Thursday, May 27, 2010



"I Am Love" (2010)

"I Am Love" is a sensuous melodrama and a tale of sexual awakening, and at its center is the brilliantly talented Tilda Swinton (recently in "Burn After Reading" and "Michael Clayton") in her almost extraterrestrial elegance and grace. Her performance in this lavishly Italian film imaginatively directed by Luca Guadagnino packs an emotional resonance and brings meaning to the film's obsession with the senses. In one intimately shot sex scene, the camera does not gaze upon but rather gently caresses its subjects with close-ups of flesh and beads of sweat along with pollinating bees, blades of grass and flower petals briskly fluttering in the wind. Details are frequently lingered on so closely as to evoke all the senses with the smell, taste and touch of what is shown on screen. This is a film about feeling, and it is bold, an experience you have to let wash over you.

The story about a Russian immigrant (Tilda Swinton) named Emma assimilating into the Milan culture with the wealthy Recchi family is sparse. We watch as Emma gets dressed for a dinner party, an event-turned-ritual that happens not just once, and each time she slinksinto a dress of rich color. She is silent going through the motions of the esteemed family. The family patriarch has just passed down the company to a dual ownership to his son and Emma's husband and his grandson, Edoardo Jr. The grandson, however, has plans of his own to open a restaurant with a chef and friend of his, Antonio (Edoardo Gabbriellini). At the first dinner party Antonio shows up at the front door, and at this seemingly inconsequential moment when we do not even know who this man is, the lives of the Recchi family change forever.

There is a moment when Emma tries one of Antonio's dishes for the first time. In a clever manipulation, everything around her stands still and a spotlight shines down on her. The camera admires every aspect of her fork entering into the juices of the food. Here, food is lust. It is an astonishing moment, one of visual triumph. And so while the writing of the film, penned by multiple screenwriters, is slim, the real meat of the story comes from the delivery of Emma's inner reaction to her own passionate love affair with the chef, Antonio. Swinton, with her porcelain face and serious look, fits the role as if to actually belong in it.
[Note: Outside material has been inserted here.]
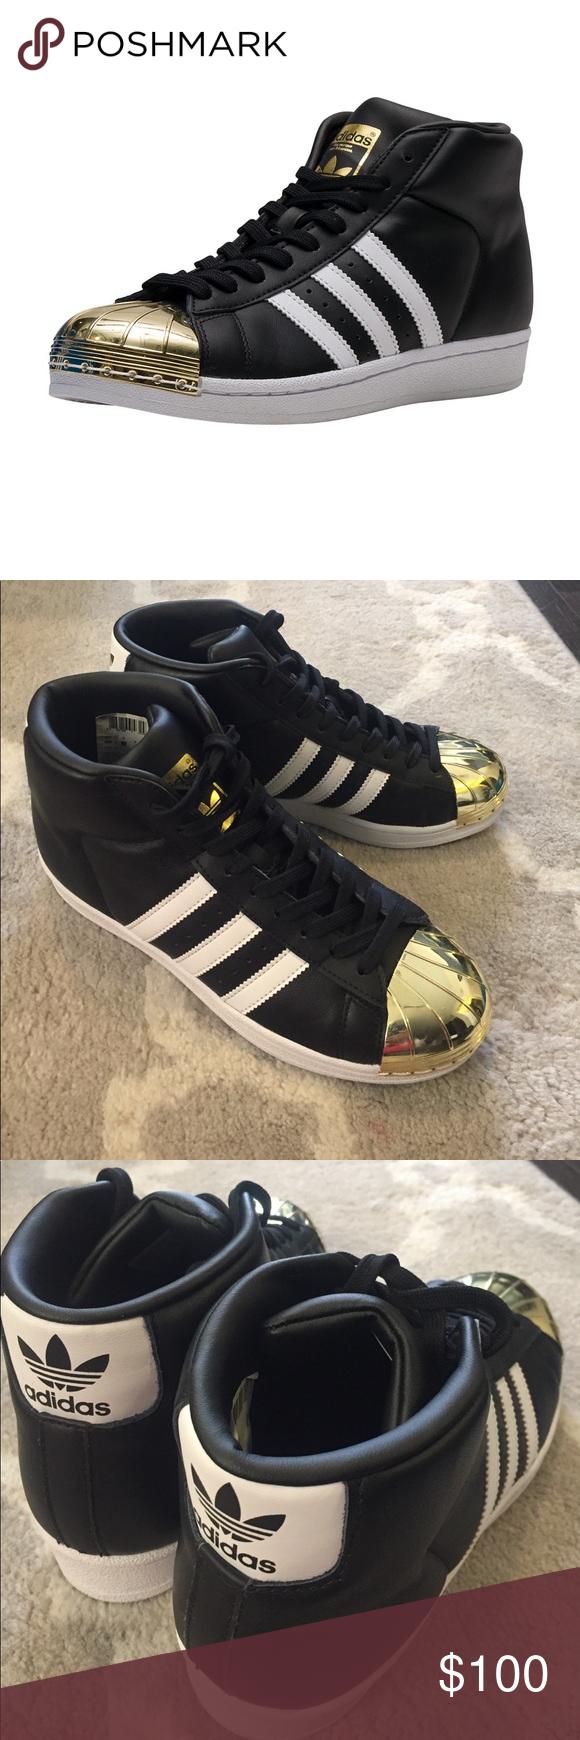 on sale 52727 8c1db Adidas Superstars Pro Model Metal Toe RARE Size 7 STYLE#: BB2130 RARE GOLD  METALLIC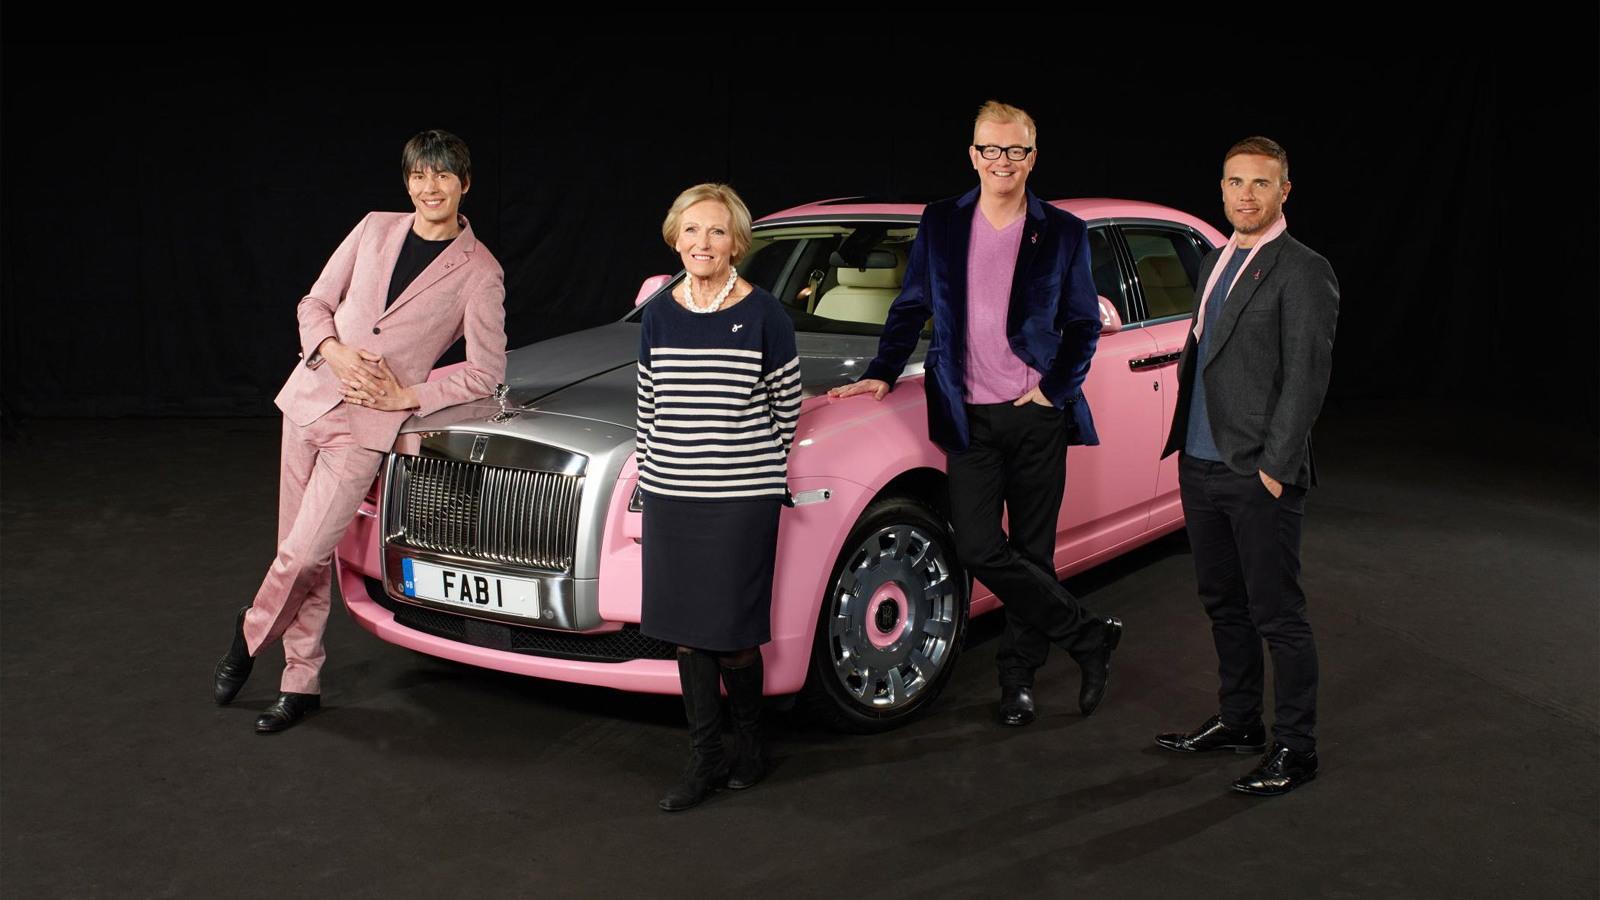 FAB1 pink Rolls-Royce Ghost Extended Wheelbase

Interlaced with an attention to detail are long shots of a snow-covered Milan or the warm, sun-drenched landscape of Sarmeno adding a wider dimension of elegance. All of this comes together all thanks to magnificent cinematography from Yorick LeSaux. Simply put, the movie is gorgeously remarkable to view. Dialogue fittingly becomes less and less as the plot escalates to its devastating and operatic climax. It becomes more about the emotion created by the extreme style and mood rather than the words that should be said. Aiding this ever-increasing intensity is the curious, pounding, titillating and sometimes downright ominous musical score from John Adams that grips you from the opening scene and refuses to let go.

"I Am Love" is tragic, poetic and alluring, a film that draws from classical drama while taking on modern issues of change. This really is a movie about change; change not only for the Recchi family as an established powerhouse, but more importantly, change for Emma in the face of enforced tradition. Its ending is of ambiguous beauty after Emma's husband brashly tells her, "You don't exist." It has Emma asking herself, "Who am I?" and whether it is of forbidden love or insatiable lust, whatever it is she runs away from or toward, it is stated right there in the title: I am love. The movie, and Swinton’s work, merits multiple viewings, and I already want to see it again.